No infinitely growing prompt Each element carries its own “how and when to use me” inside the tool definition. Add a new element → add a new tool. The core prompt stays small.
Clear boundaries A chart tool focuses on chart JSON. A knowledge graph tool focuses on entity-relation-entity triplets. The agent just picks which tool fits.
Shared behavior across agents Any agent that knows about the artifacts gets the same capabilities. No copy‑pasting formatting rules across prompts.
Easy iteration Want to change the chart schema? Update the tool + renderer. Prompts don’t have to be rewritten.

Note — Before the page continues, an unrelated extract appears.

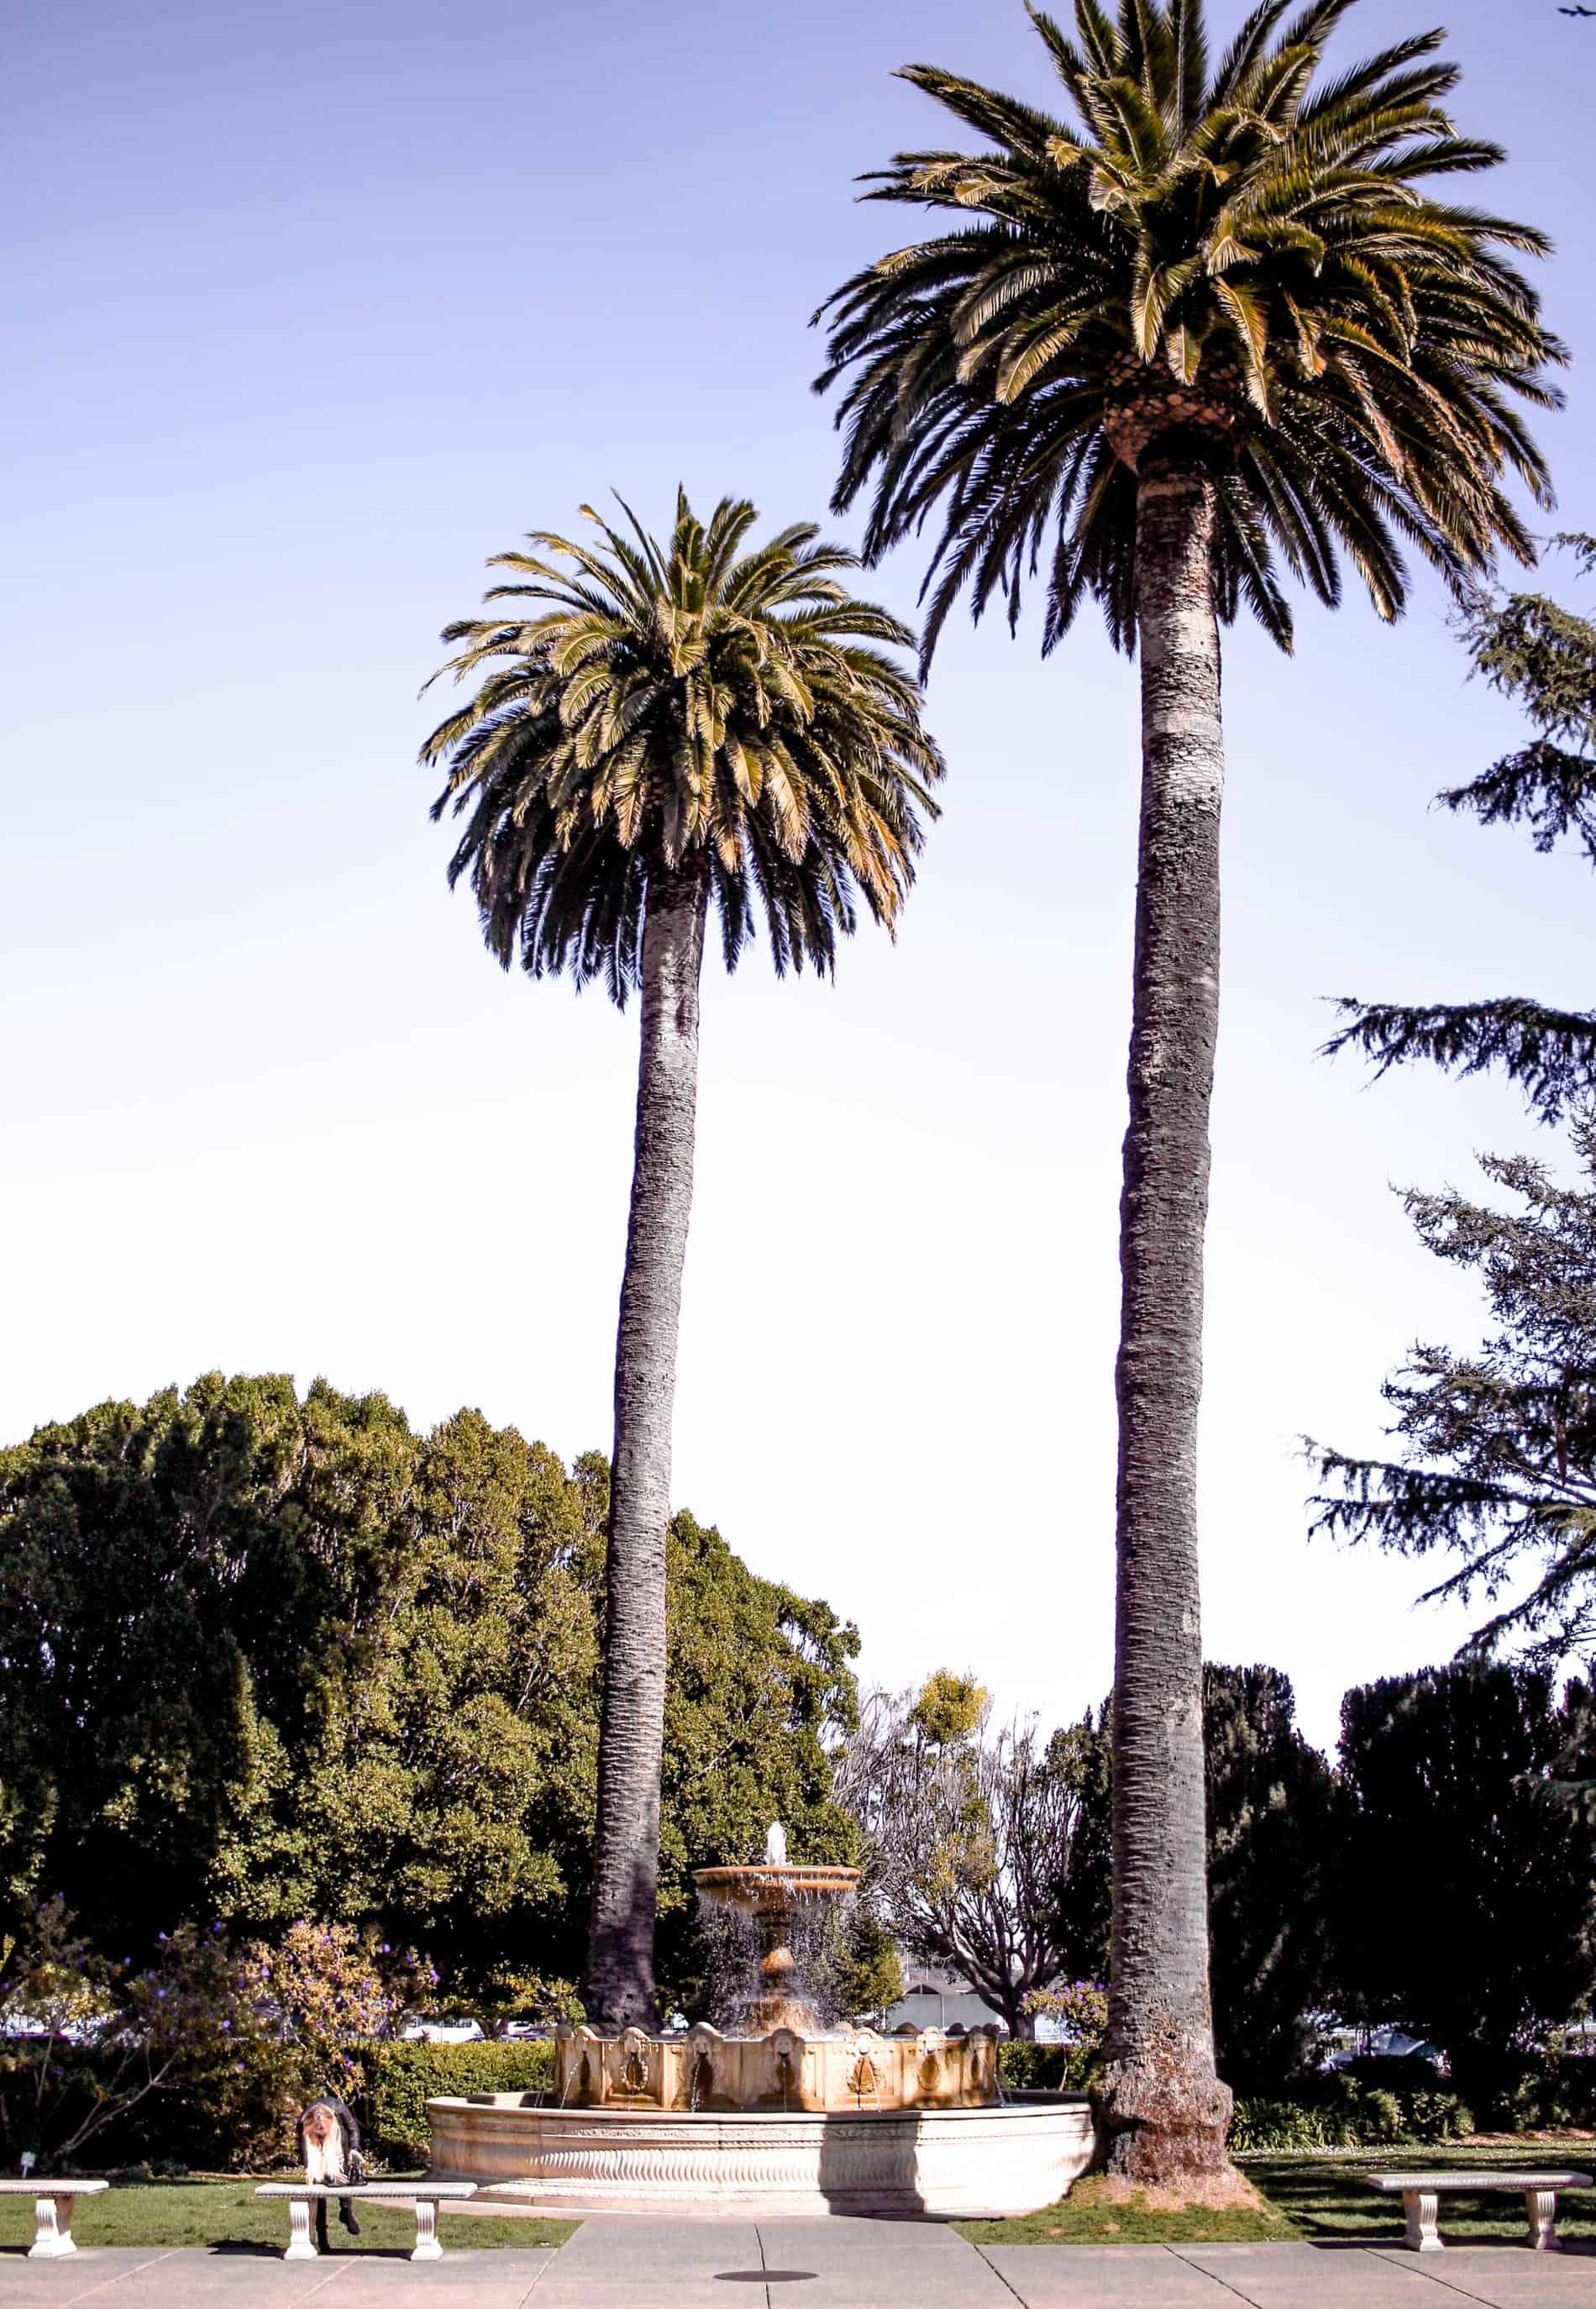 sausalito california

In practice, this means the chat window stops being a dead-end text box and becomes a live surface for work:

A data analyst can ask, “Compare these companies' sales over time,” and immediately get an explorable chart they can sort, refine, and download—not just a paragraph about trends.
A clinician can say, “Show me how drug A affects patients with comorbidity B,” and see an interactive knowledge graph instead of skimming through bullet lists.
A product manager can track KPIs as live widgets right inside the conversation, instead of copy‑pasting numbers into a deck.

Because each artifact is backed by an MCP tool, they are consistent, reusable, and easy to extend. You don’t rebuild capabilities per‑agent or per‑prompt; you add a new artifact type once, wire it in, and every compatible agent can start turning chat into a real workspace—not just a nicer search box.

We are thinking of calling this approach "SAIL: Structured Artifact Interface Library". What do you think?